Tuesday, August 1, 2017


On July 31 and August 1, CMS held its annual CLFS new code pricing meeting.
    CMS website here.  My earlier blog with an overview of the agenda, here.

An unofficial rapid transcript of both day one and day two is online in the cloud HERE.
     144 pages, 80,000 words.  This is a Word doc for readers to download and annotate.
     An alternate version as PDF is here.
     The CMS list of all codes to be discussed is here.

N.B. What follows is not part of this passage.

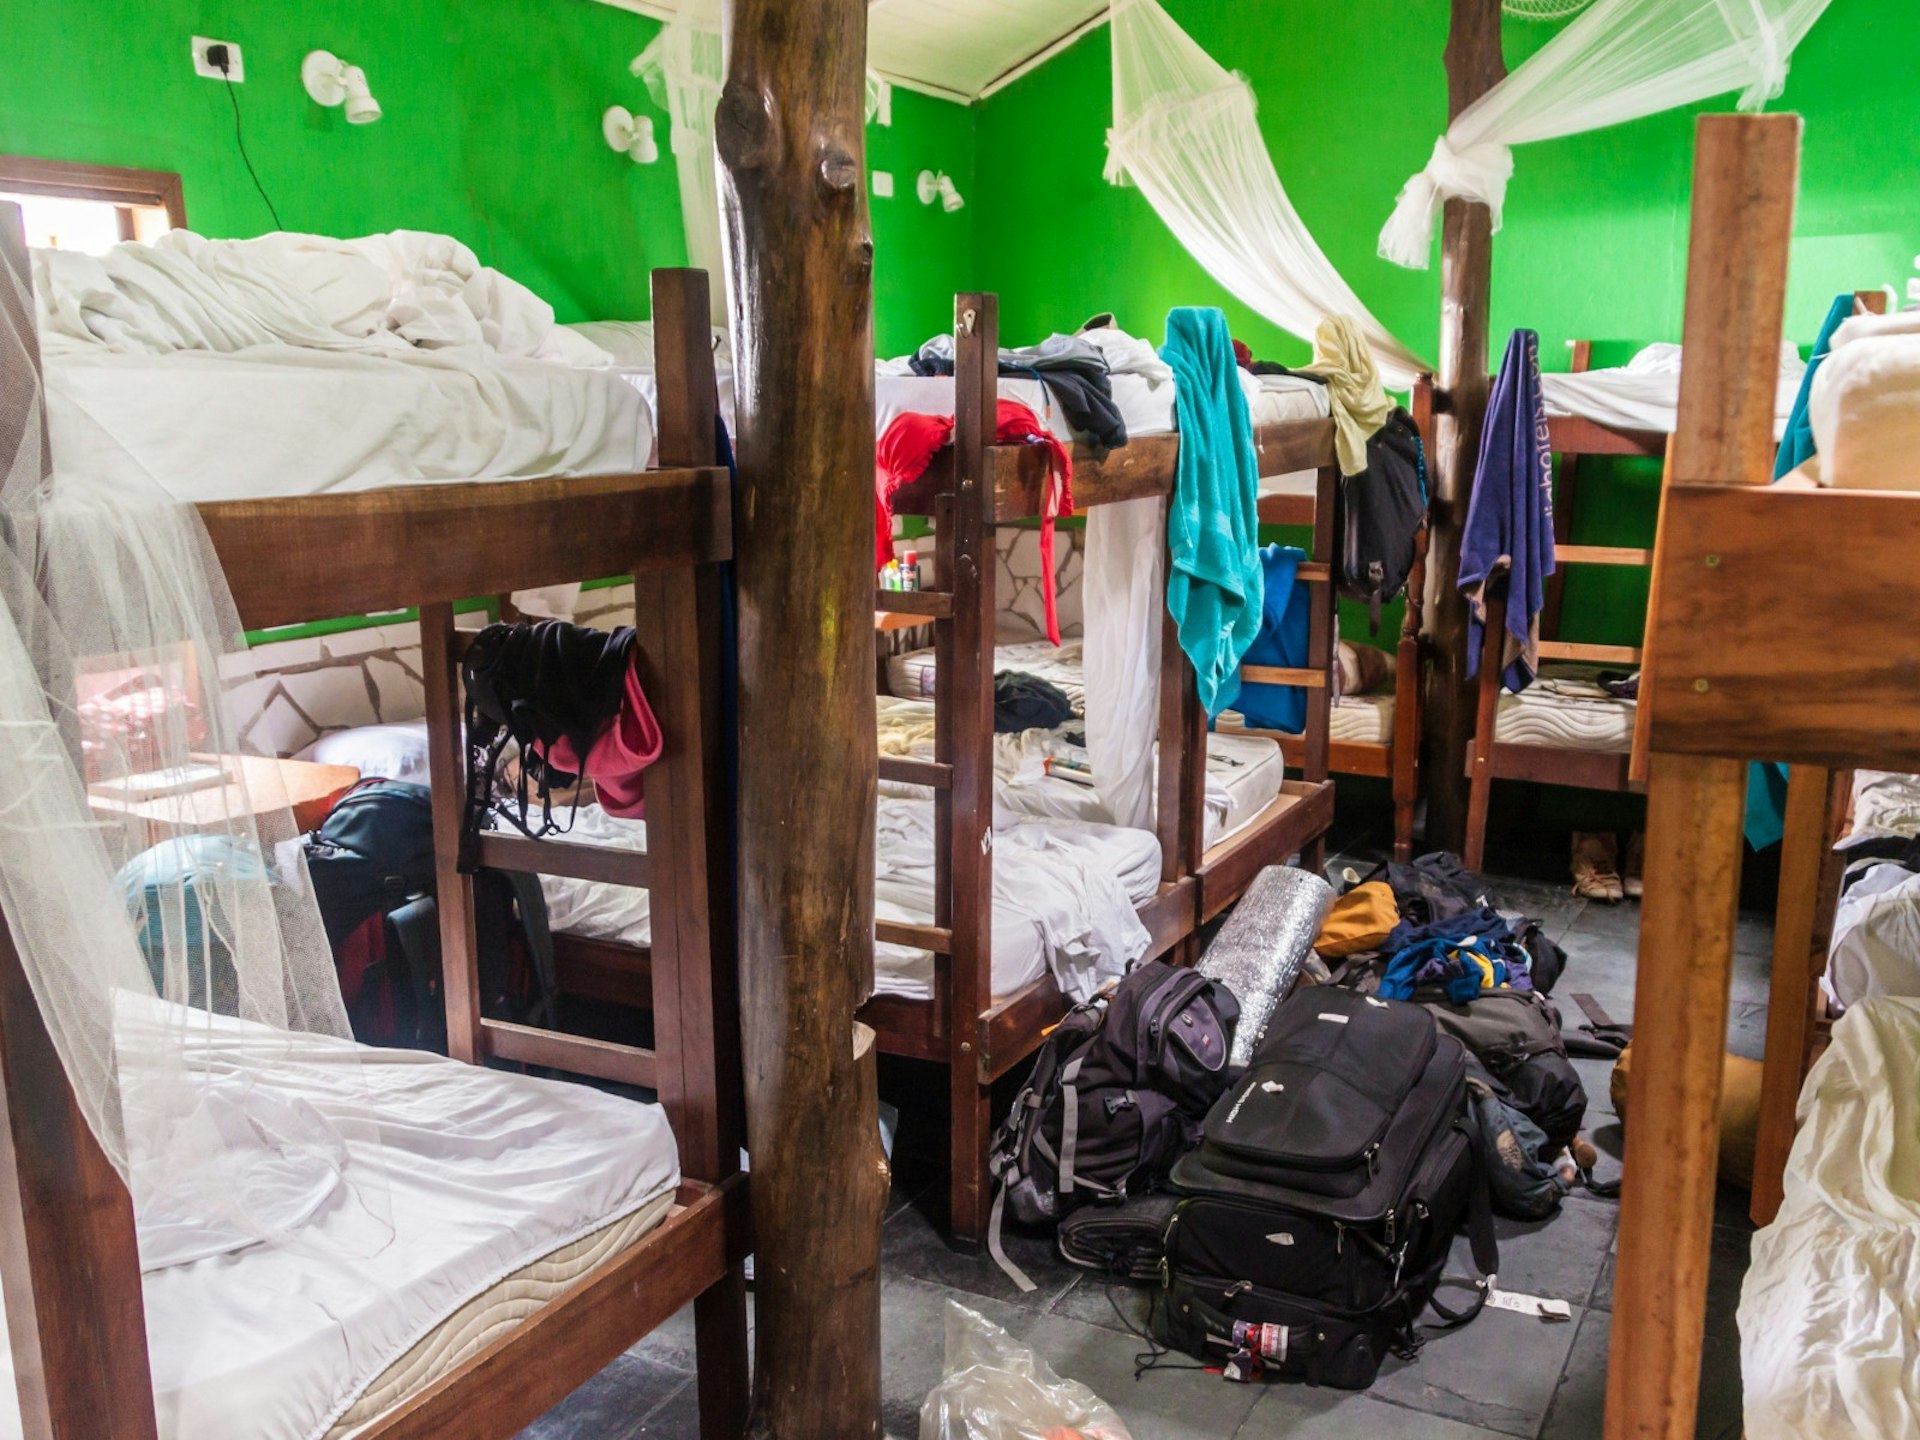 A messy hostel dorm room with suitcases and backpacks on the floor

For video, CMS Youtube Links are here:
  • Monday July 31 morning session here.
  • Monday July 31 afternoon session here.
  • Tuesday August 1 morning session here.

More after the break.


While the CMS website says comments will be taken for "approximately one week," the Federal Register announcement (82 FR 27708, here) says "Written comments regarding the presentations must be received by August 11, 2017, at 5:00 pm EDT (10 days after the meeting.)"

Special Sections
In the transcript see:
  • Day One Morning (page 2)
  • Day One Afternoon (page 51)
    • Special Section on "Rarely Used Codes" (page 69)
    • AMA Presentation on PAMA implementation (page 70)
  • Day One PAMA Advisors Panel Begins (page 72)
  • Day Two PAMA Advisors Panel Morning (page 93)
    • Discussion of PLA code pricing (page 95)
    • NILA on Chemistry Panel Policy under PAMA Statute (page 132)
    • CMS Dr Chen on NCD for Hepatitis and New Screening Code (page 136)
    • ACLA on Chemistry Panel Policy under PAMA Statute (page 141)
Rarely Used Codes.  CMS proposed that perhaps rarely used codes or codes with no PAMA data could be dropped from the CMS fee schedule, to avoid difficulties such as the need to re-gapfill or re-crosswalk such codes every 3 years, by the dozens.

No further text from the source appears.